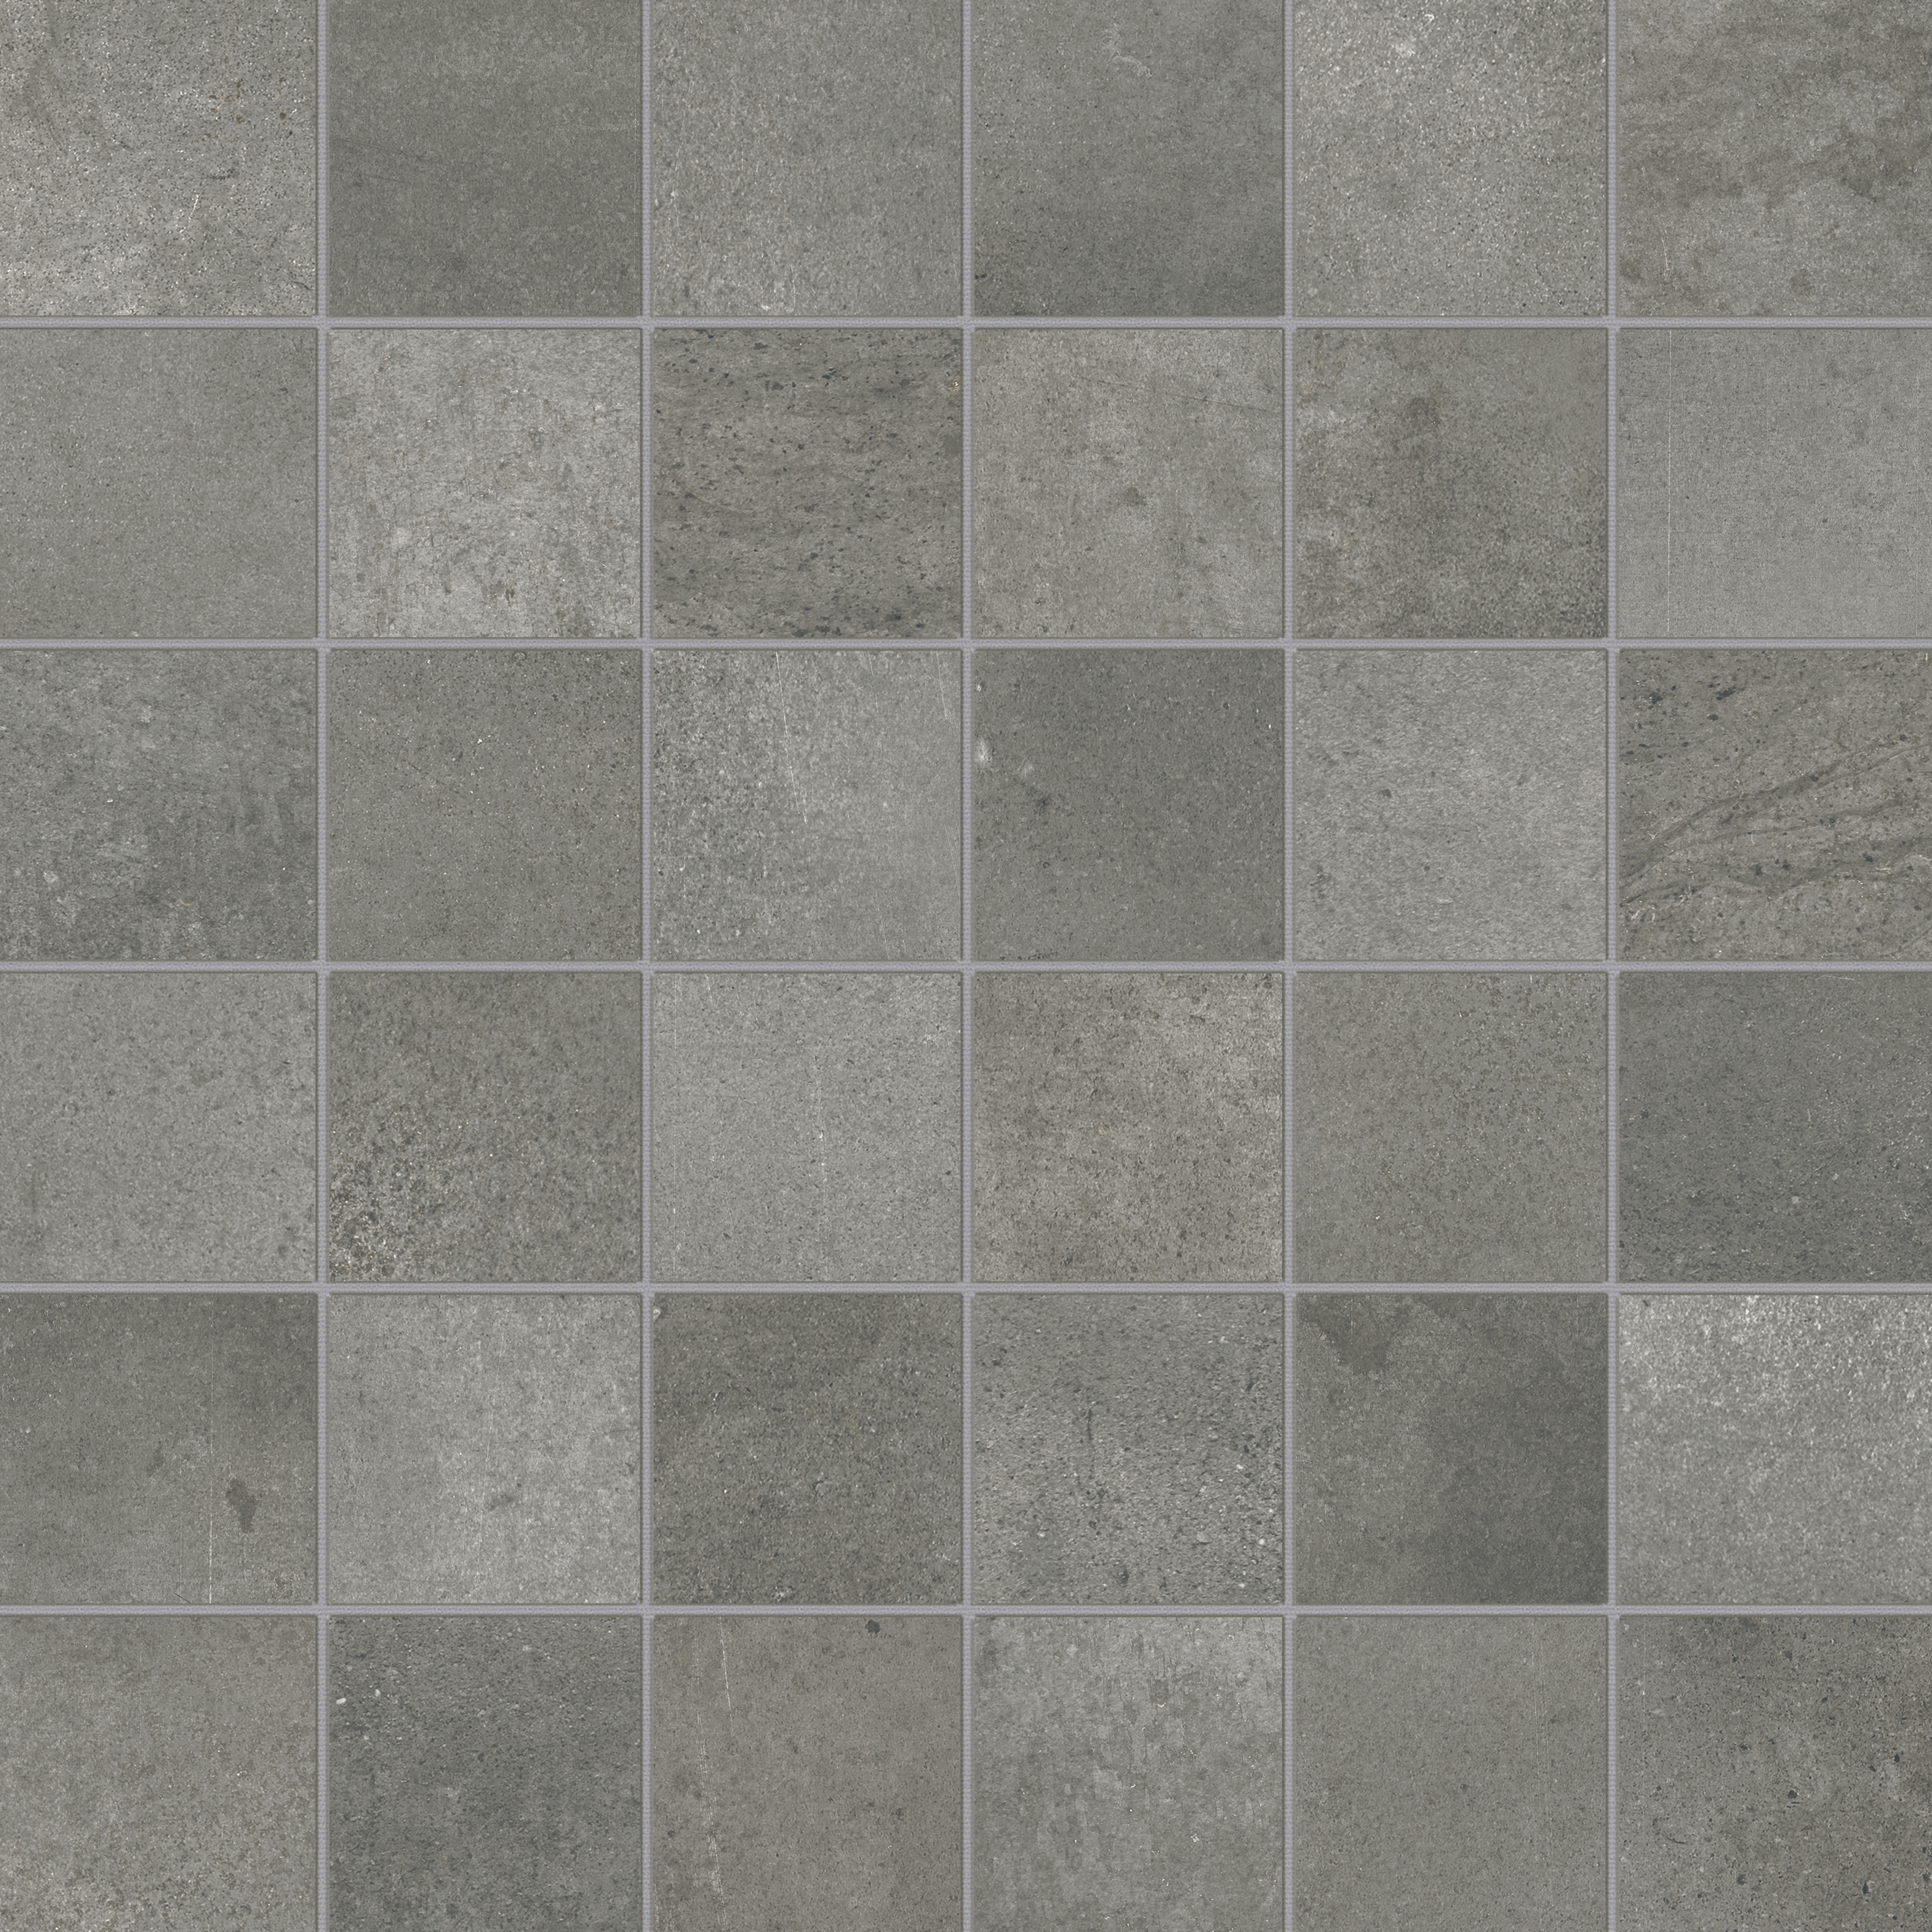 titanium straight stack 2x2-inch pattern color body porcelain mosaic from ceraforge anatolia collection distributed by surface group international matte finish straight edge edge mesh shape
==
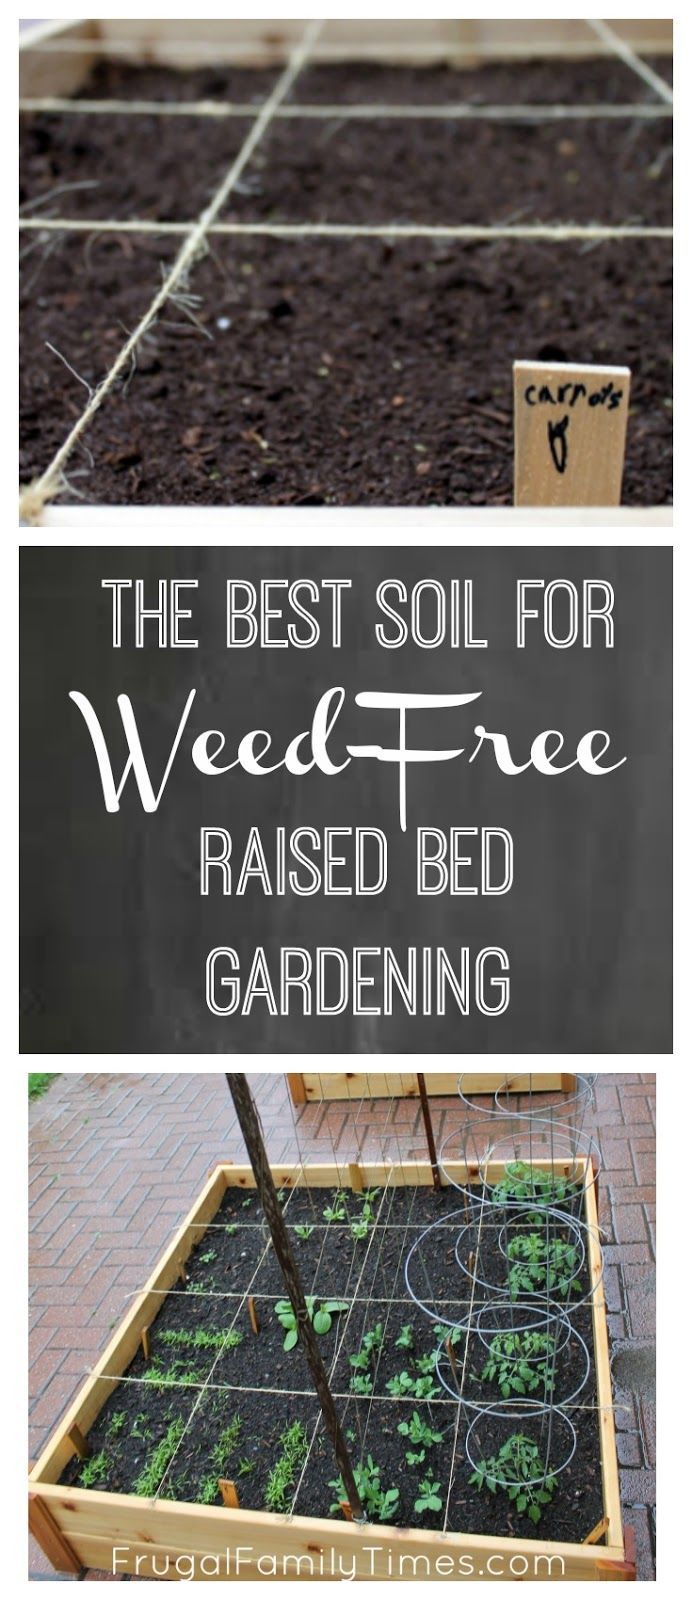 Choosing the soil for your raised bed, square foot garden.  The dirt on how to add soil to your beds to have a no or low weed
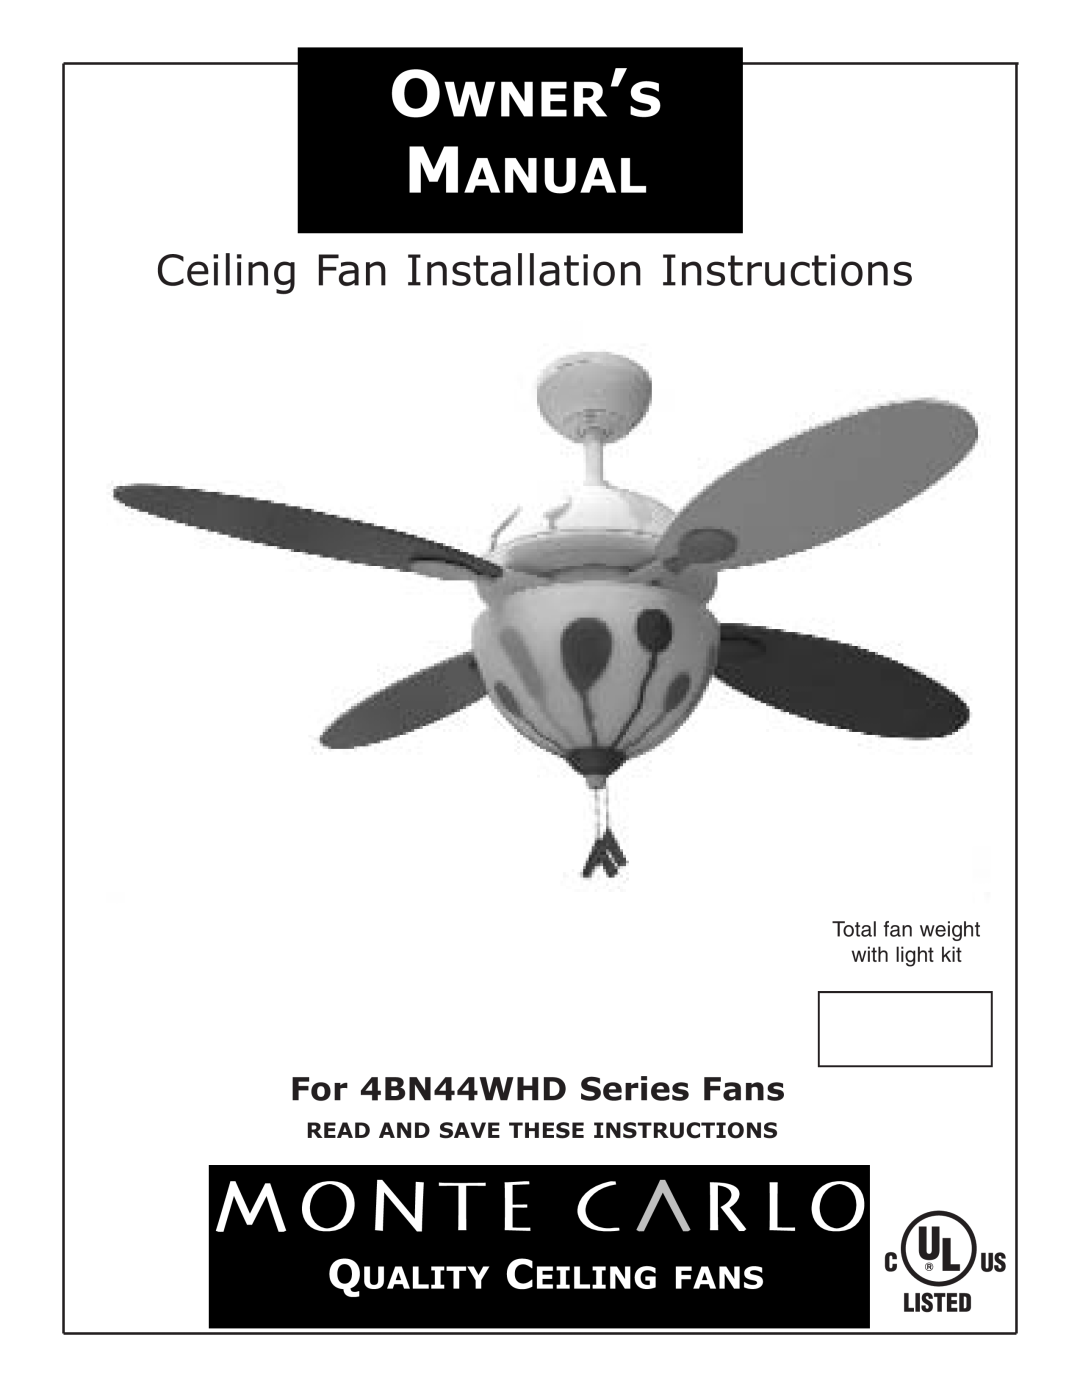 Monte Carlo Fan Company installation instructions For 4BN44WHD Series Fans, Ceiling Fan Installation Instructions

● **Exercise requirements**: In the entries above, find the line that contains "Choosing the soil" and the line that contains "Monte Carlo Fan". Reproduce exactly those two lines and every line between them, but not the pictures.

● **Task response**:
 Choosing the soil for your raised bed, square foot garden.  The dirt on how to add soil to your beds to have a no or low weed
 Monte Carlo Fan Company installation instructions For 4BN44WHD Series Fans, Ceiling Fan Installation Instructions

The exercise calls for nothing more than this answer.